Instructions for the task. Which lines run from the one containing "Первый вице-губернатор Самарской" through the end of the entries? Restate them word for word, and only those.

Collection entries

------------------------------------------------------------------------

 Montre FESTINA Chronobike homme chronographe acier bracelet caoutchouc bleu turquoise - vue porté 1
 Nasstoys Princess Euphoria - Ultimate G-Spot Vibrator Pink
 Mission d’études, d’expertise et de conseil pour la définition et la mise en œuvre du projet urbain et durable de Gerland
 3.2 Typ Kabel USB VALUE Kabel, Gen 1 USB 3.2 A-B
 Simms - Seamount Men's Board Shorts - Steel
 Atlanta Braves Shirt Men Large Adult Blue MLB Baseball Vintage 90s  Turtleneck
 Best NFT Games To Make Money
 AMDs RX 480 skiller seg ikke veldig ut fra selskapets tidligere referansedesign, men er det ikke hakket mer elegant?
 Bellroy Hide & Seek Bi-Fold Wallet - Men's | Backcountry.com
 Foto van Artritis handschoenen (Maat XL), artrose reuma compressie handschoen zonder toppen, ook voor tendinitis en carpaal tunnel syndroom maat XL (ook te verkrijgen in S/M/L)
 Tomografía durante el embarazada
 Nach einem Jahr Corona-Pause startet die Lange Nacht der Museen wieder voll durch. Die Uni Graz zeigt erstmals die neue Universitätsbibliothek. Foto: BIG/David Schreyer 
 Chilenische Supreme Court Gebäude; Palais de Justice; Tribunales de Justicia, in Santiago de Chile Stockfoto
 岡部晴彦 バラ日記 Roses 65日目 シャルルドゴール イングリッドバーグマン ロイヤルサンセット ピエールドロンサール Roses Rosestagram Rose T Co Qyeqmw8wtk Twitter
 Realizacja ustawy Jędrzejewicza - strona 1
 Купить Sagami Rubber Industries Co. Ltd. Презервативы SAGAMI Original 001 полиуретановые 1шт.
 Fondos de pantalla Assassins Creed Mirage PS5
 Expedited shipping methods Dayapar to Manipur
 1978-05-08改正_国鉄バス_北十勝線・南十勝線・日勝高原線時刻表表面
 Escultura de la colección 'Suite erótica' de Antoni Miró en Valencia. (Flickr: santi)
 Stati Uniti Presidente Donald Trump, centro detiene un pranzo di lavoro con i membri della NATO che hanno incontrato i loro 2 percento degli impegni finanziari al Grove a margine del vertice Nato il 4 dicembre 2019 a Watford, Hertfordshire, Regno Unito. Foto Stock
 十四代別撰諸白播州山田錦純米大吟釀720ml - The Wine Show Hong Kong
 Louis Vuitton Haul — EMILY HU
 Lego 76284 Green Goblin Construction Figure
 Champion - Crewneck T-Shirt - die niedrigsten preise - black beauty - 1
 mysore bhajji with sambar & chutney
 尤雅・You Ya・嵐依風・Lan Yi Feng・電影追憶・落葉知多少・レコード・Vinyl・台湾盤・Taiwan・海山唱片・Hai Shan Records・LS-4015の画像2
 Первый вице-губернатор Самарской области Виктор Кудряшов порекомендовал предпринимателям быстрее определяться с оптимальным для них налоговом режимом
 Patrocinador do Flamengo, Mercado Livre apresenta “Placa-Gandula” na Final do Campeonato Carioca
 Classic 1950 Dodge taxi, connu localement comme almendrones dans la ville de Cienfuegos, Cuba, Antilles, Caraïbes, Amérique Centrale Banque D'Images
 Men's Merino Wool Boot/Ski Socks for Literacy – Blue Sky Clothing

------------------------------------------------------------------------

Answer for the task.
 Первый вице-губернатор Самарской области Виктор Кудряшов порекомендовал предпринимателям быстрее определяться с оптимальным для них налоговом режимом
 Patrocinador do Flamengo, Mercado Livre apresenta “Placa-Gandula” na Final do Campeonato Carioca
 Classic 1950 Dodge taxi, connu localement comme almendrones dans la ville de Cienfuegos, Cuba, Antilles, Caraïbes, Amérique Centrale Banque D'Images
 Men's Merino Wool Boot/Ski Socks for Literacy – Blue Sky Clothing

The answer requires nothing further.